=== WORK INSTRUCTIONS ===
For the material below, reproduce exactly each line from the one that has "2013-bmw-1200-gs-looks-awesome-photo-gallery_2" through the one that has "Food Service Delivery", and no others; pictures stay out.

┌─ THE DATA

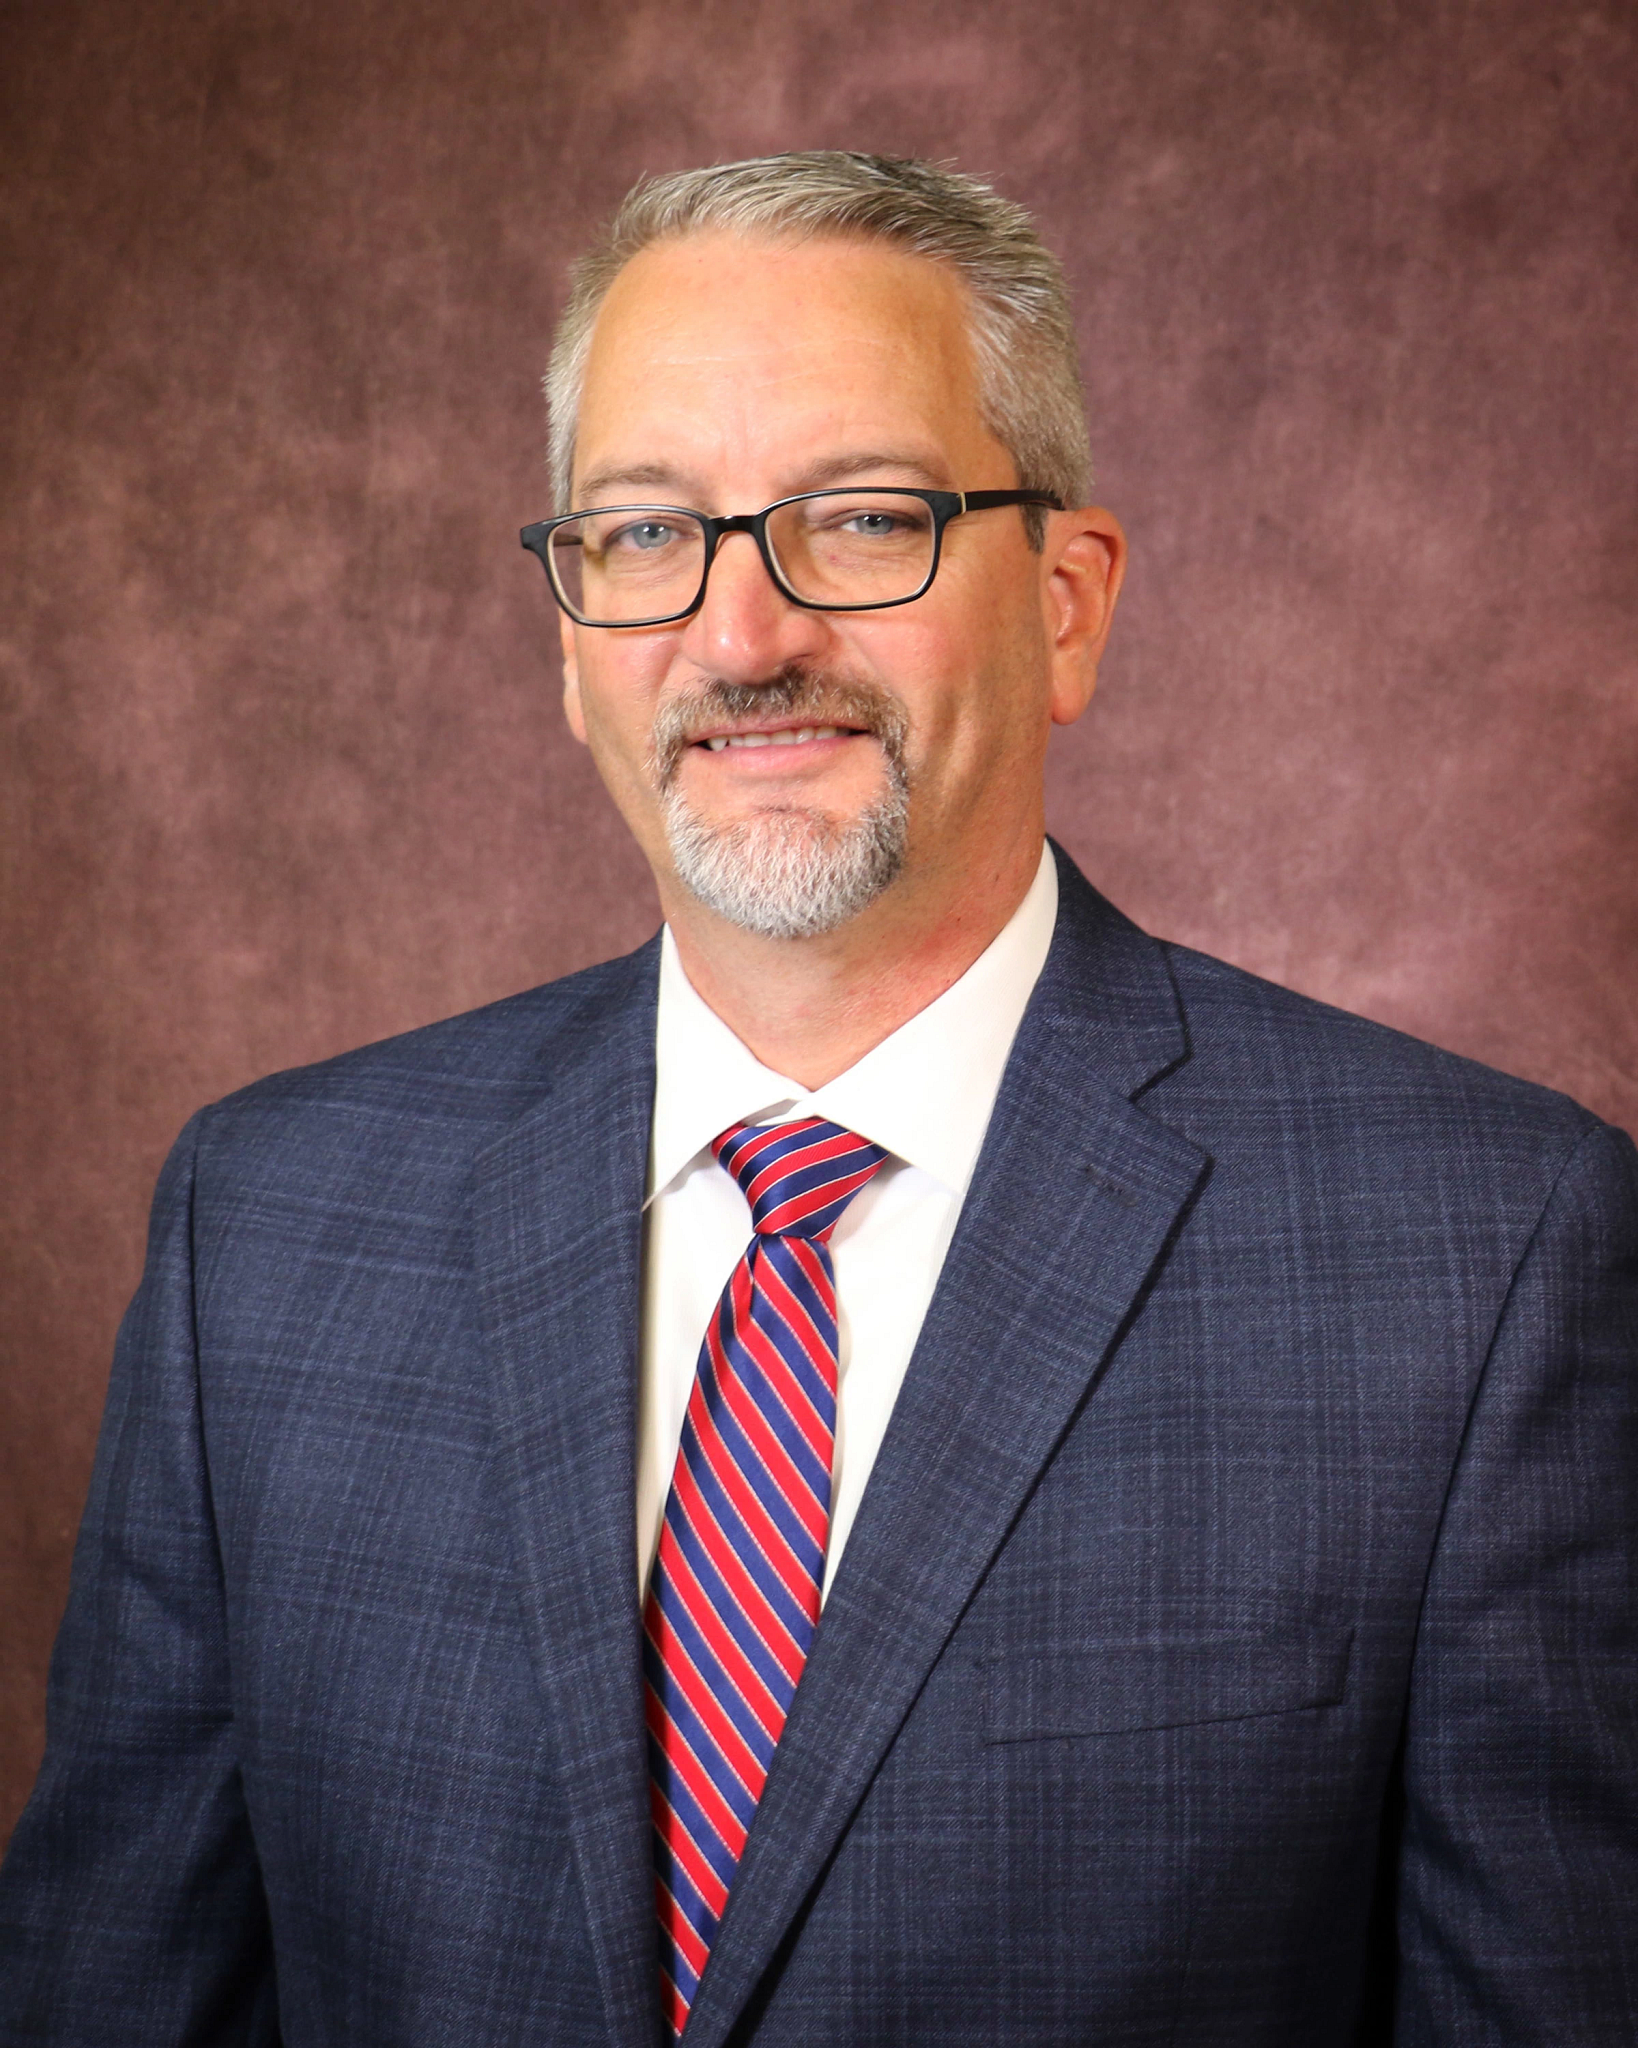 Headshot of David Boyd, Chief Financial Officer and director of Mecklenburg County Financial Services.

└─
┌─ THE DATA

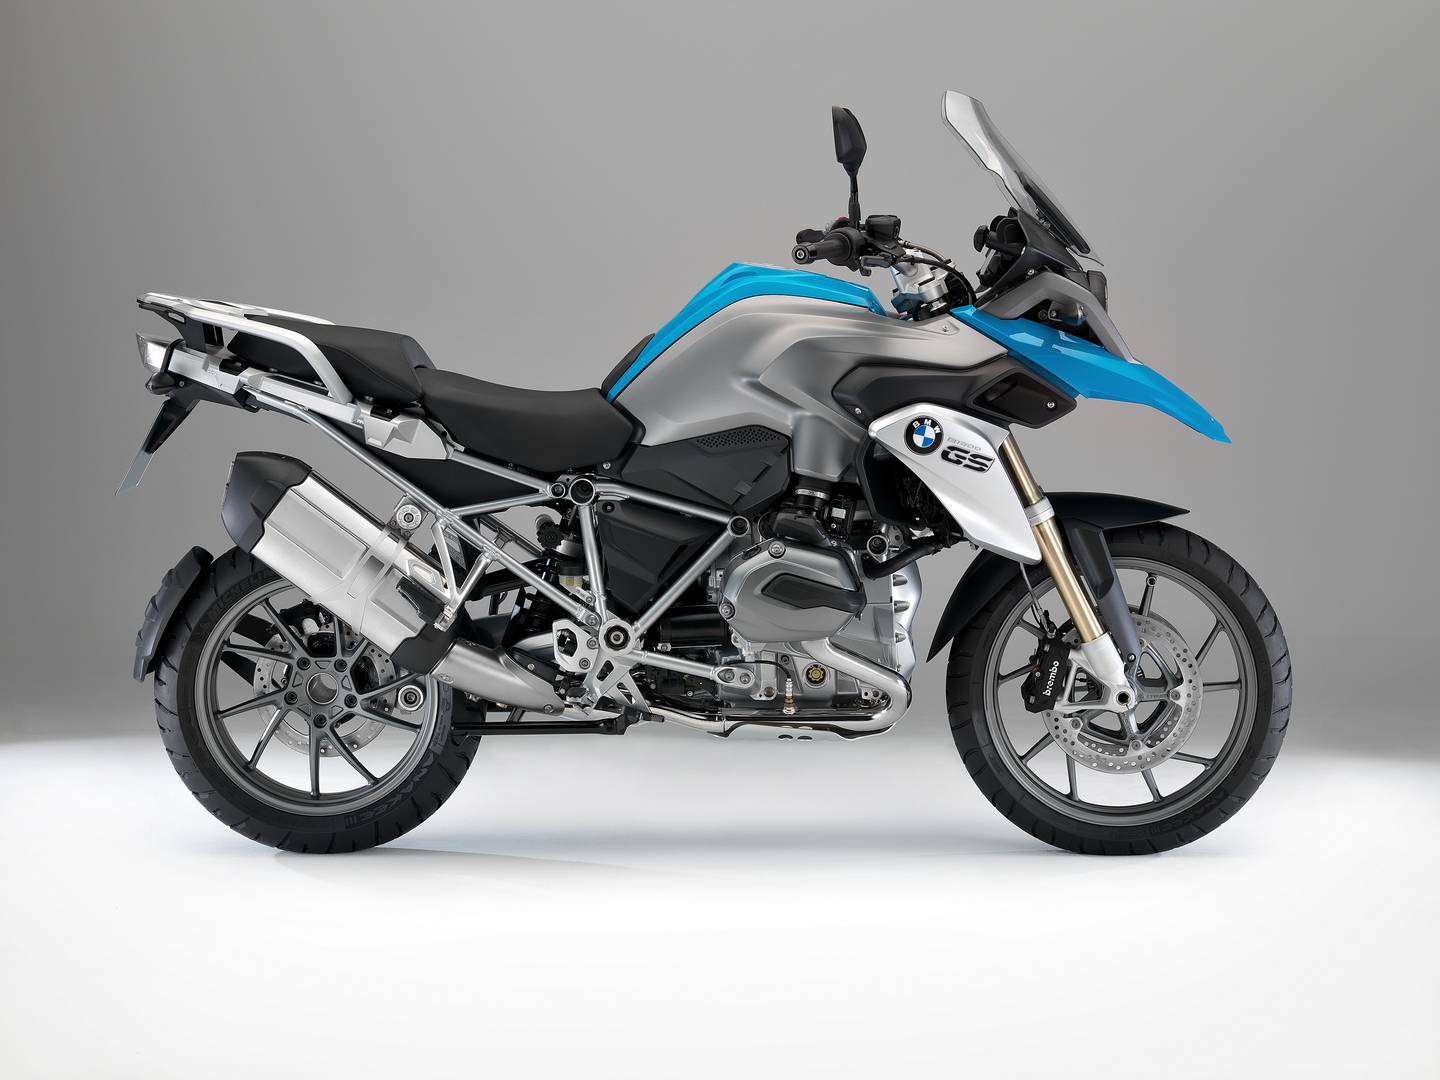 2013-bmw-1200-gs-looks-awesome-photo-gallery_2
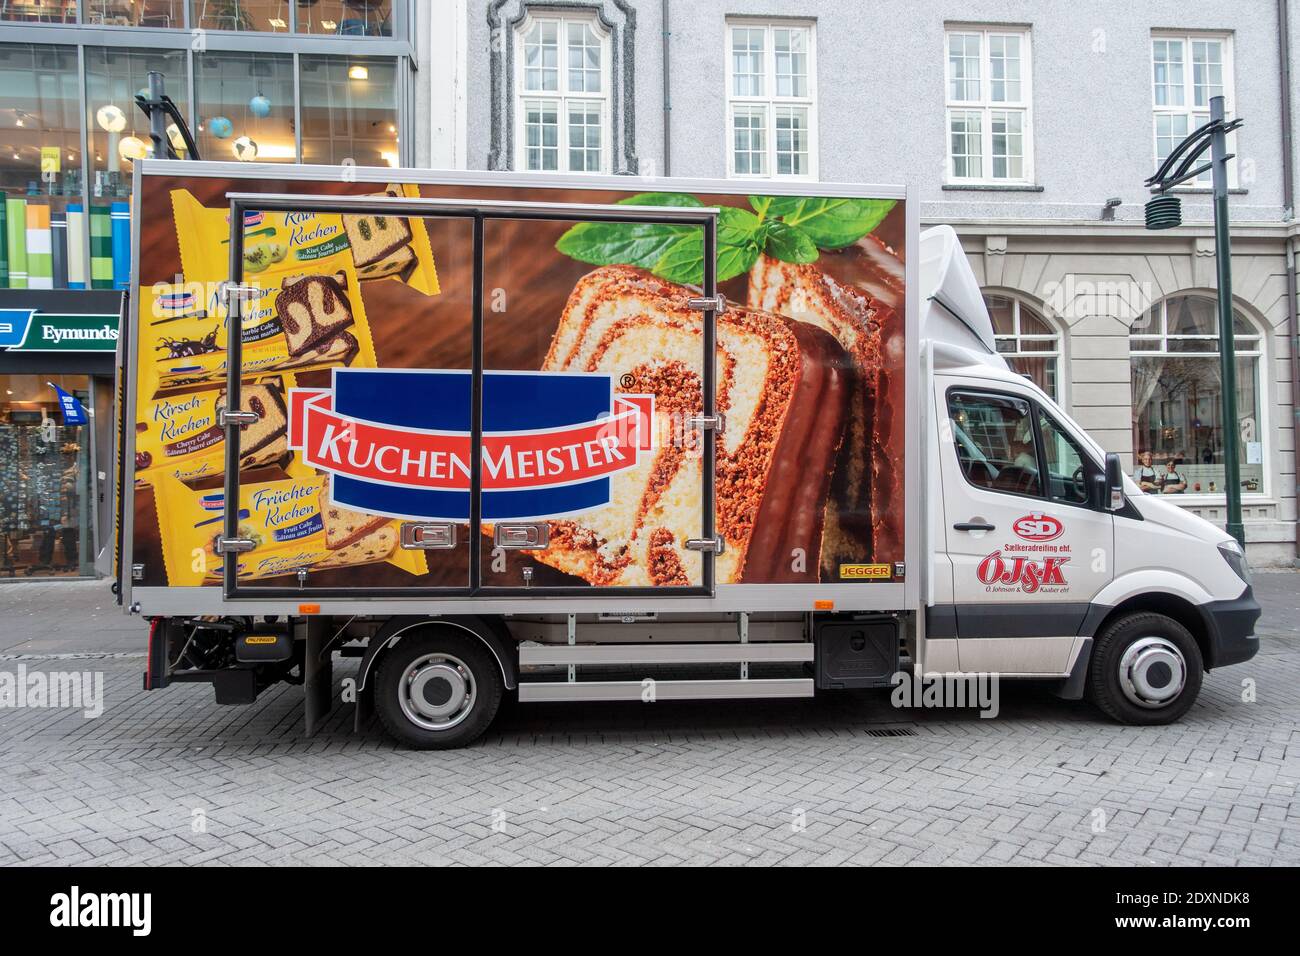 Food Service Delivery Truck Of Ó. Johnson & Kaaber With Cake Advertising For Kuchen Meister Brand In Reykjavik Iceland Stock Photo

└─
┌─ THE DATA

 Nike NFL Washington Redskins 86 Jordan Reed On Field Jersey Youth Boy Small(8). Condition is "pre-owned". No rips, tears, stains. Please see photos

└─

=== ANSWER AREA ===
 2013-bmw-1200-gs-looks-awesome-photo-gallery_2
 Food Service Delivery Truck Of Ó. Johnson & Kaaber With Cake Advertising For Kuchen Meister Brand In Reykjavik Iceland Stock Photo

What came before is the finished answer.